* _EXERCISE BRIEF_
Although the listing contains pictures, reproduce only its text, exactly as written.

* _DATA EXTRACT_

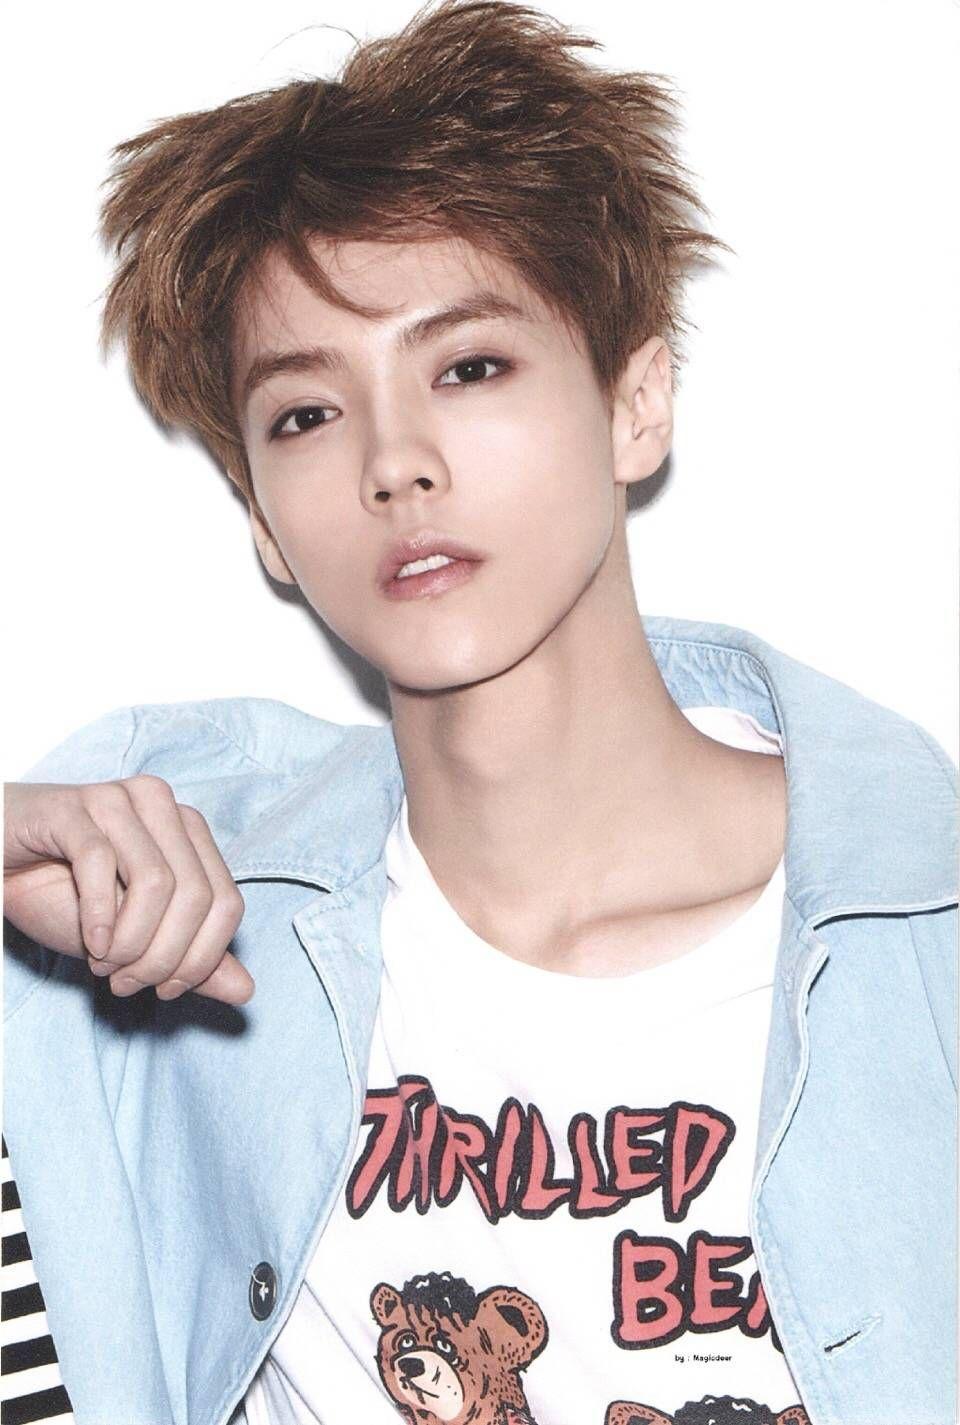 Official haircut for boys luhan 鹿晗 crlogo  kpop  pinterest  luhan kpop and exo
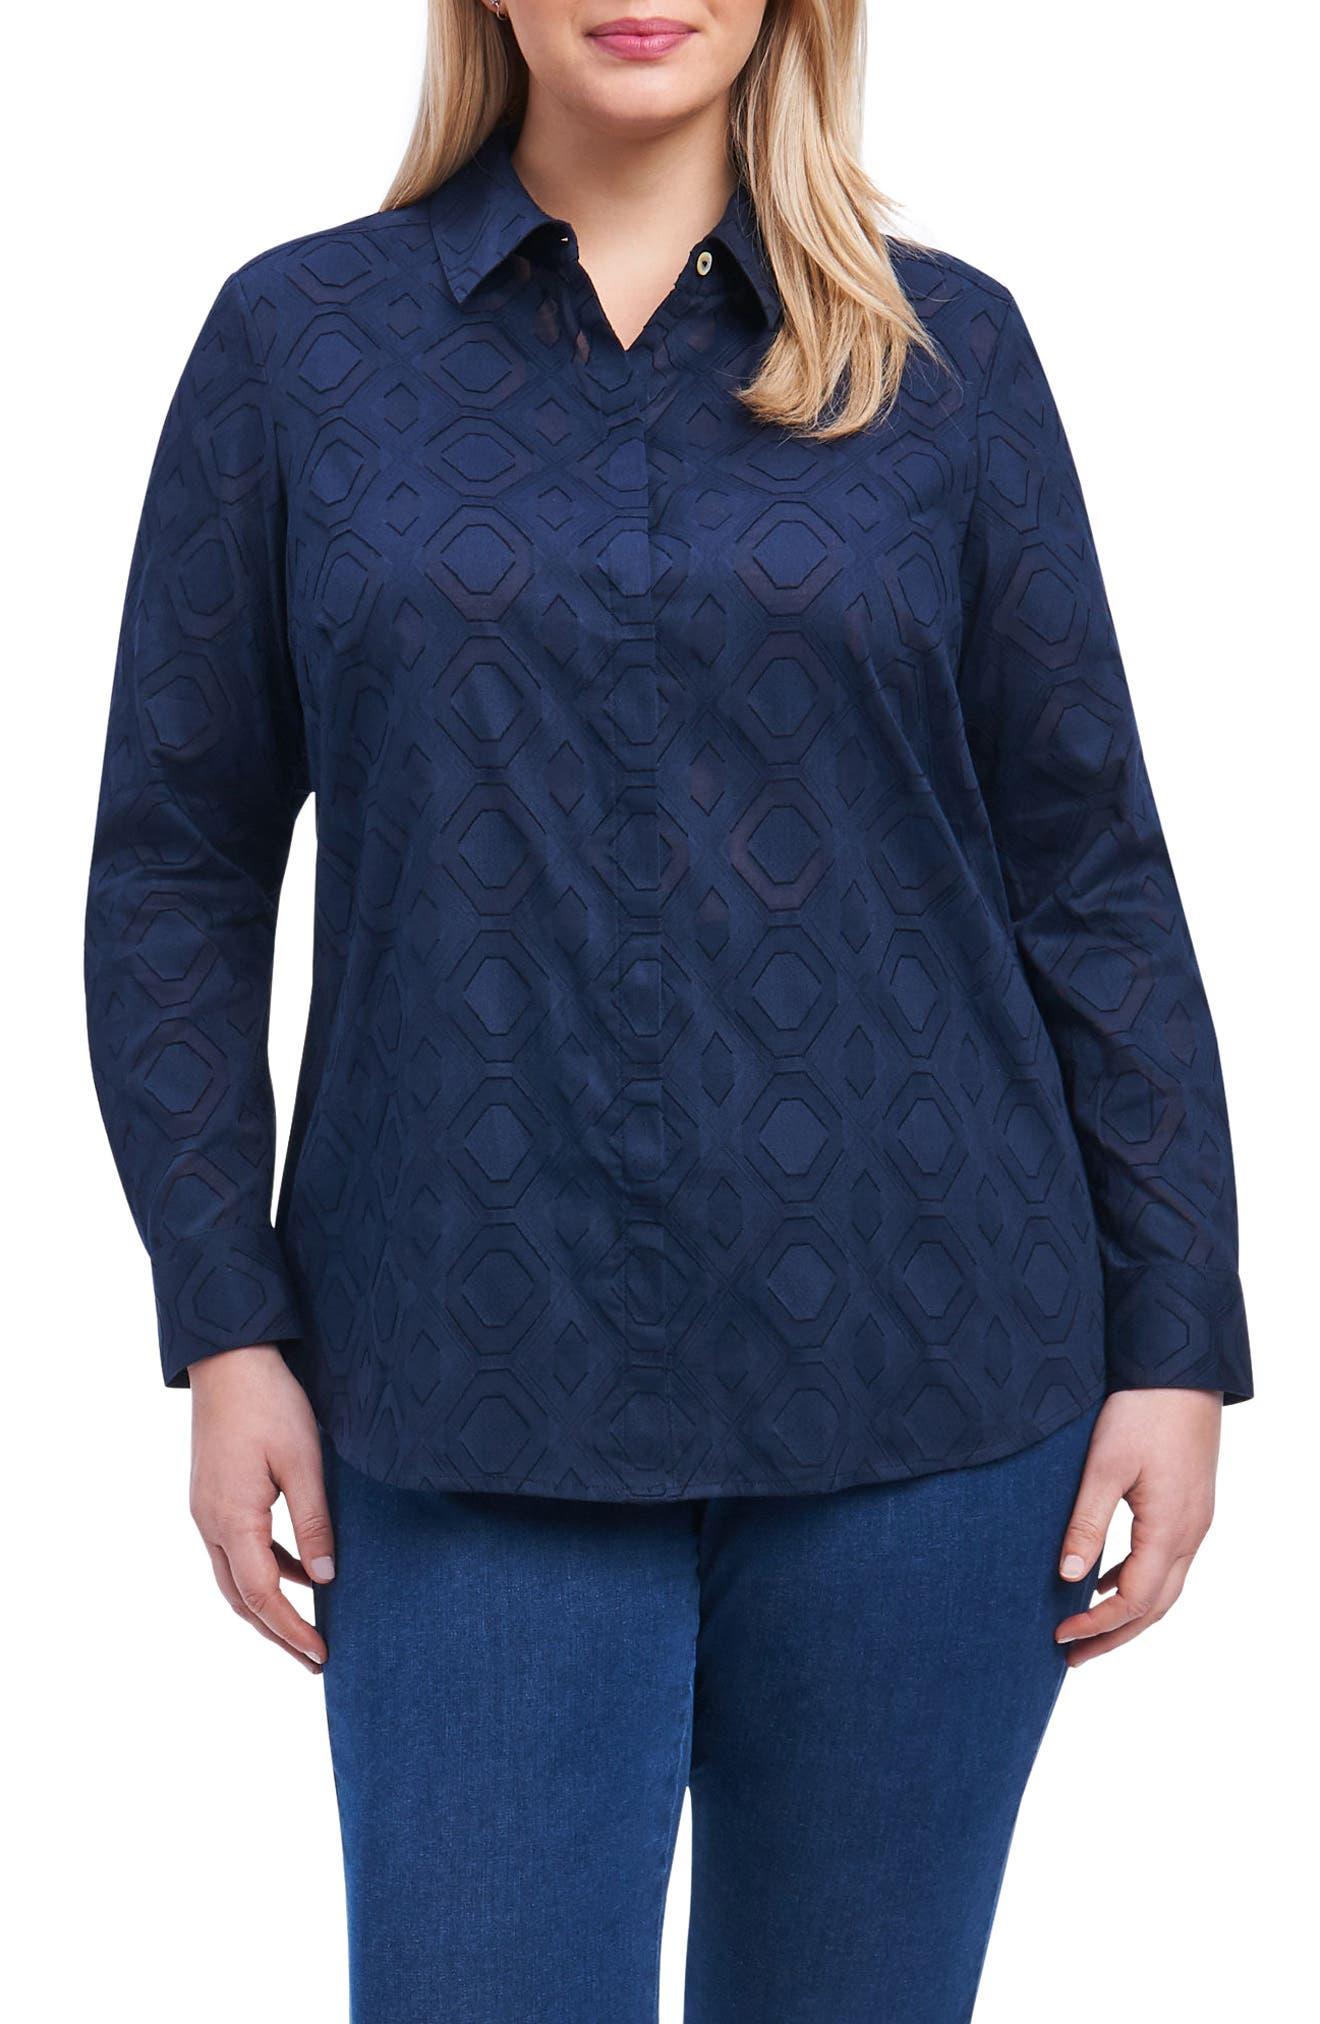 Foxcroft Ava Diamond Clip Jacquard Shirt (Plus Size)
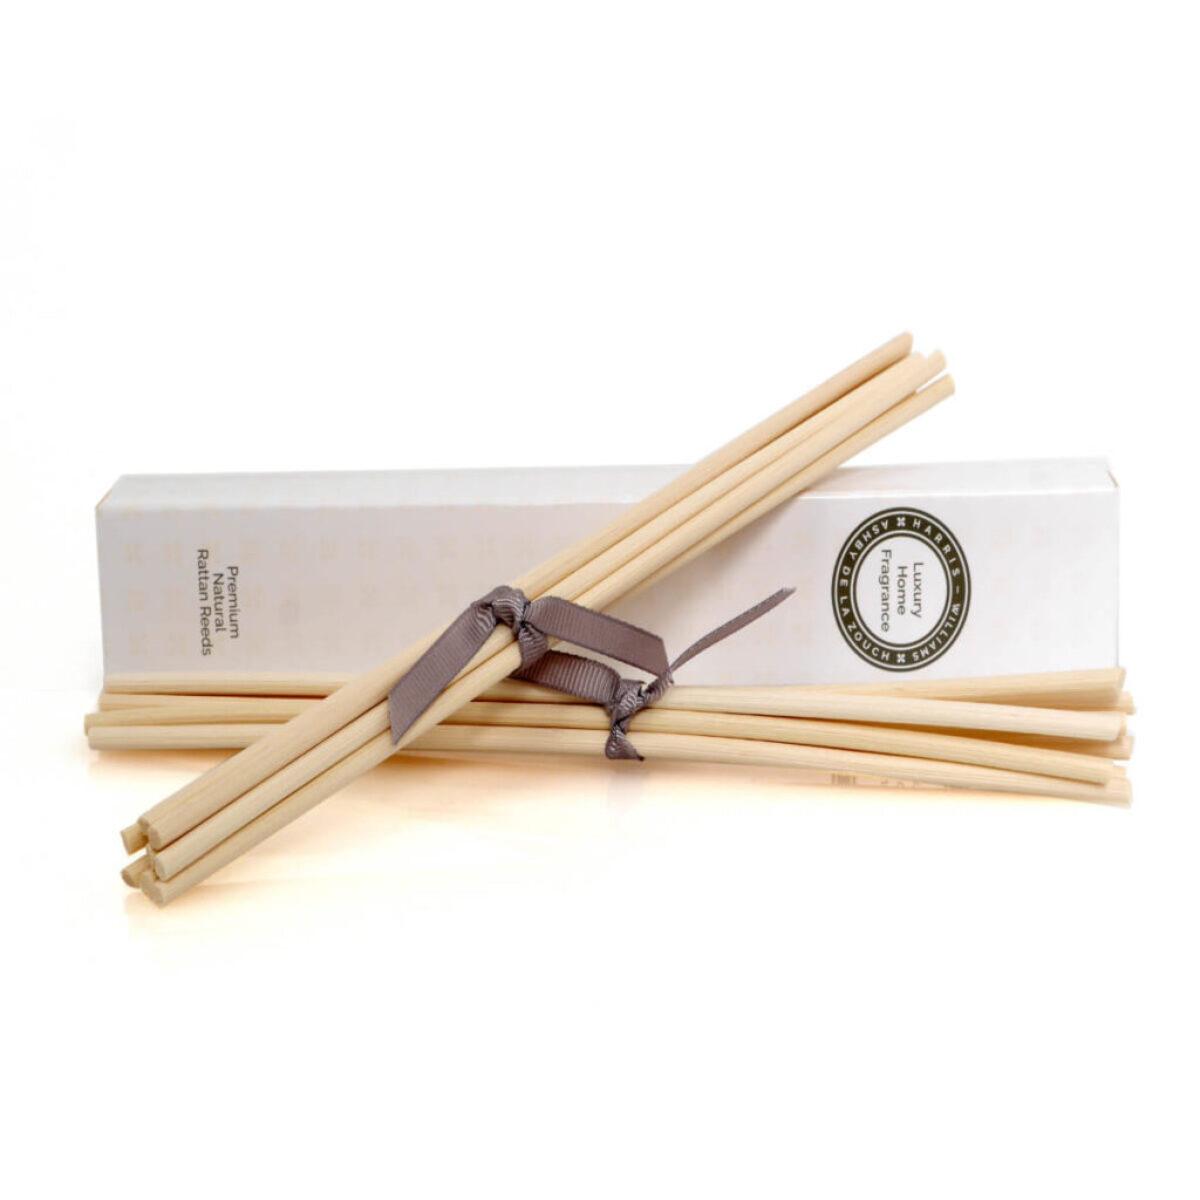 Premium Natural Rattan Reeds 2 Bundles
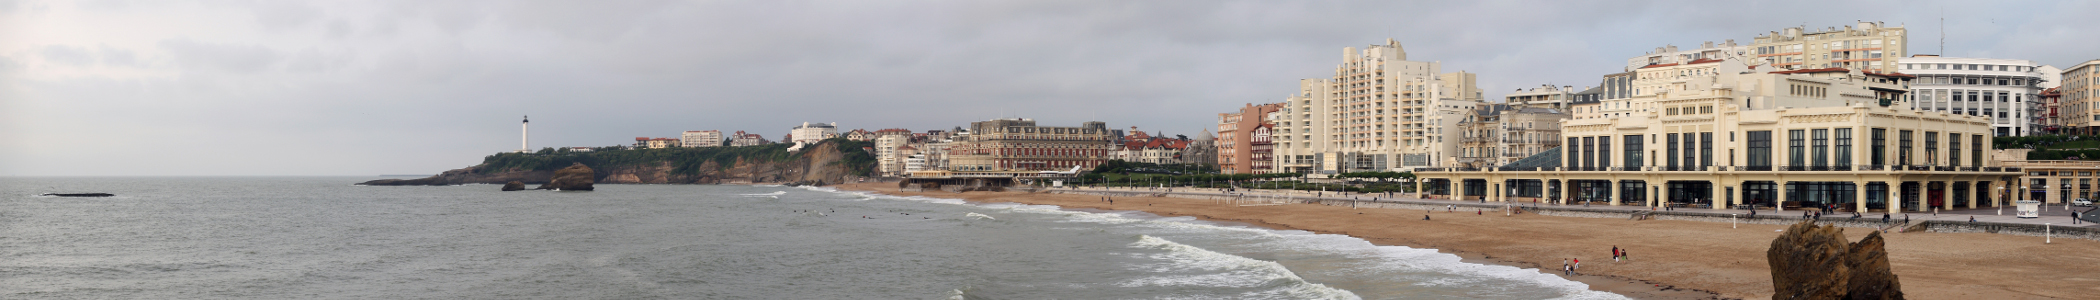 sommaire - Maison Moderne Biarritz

* _PROBLEM SOLUTION_
 Official haircut for boys luhan 鹿晗 crlogo  kpop  pinterest  luhan kpop and exo
 Foxcroft Ava Diamond Clip Jacquard Shirt (Plus Size)
 Premium Natural Rattan Reeds 2 Bundles
 sommaire - Maison Moderne Biarritz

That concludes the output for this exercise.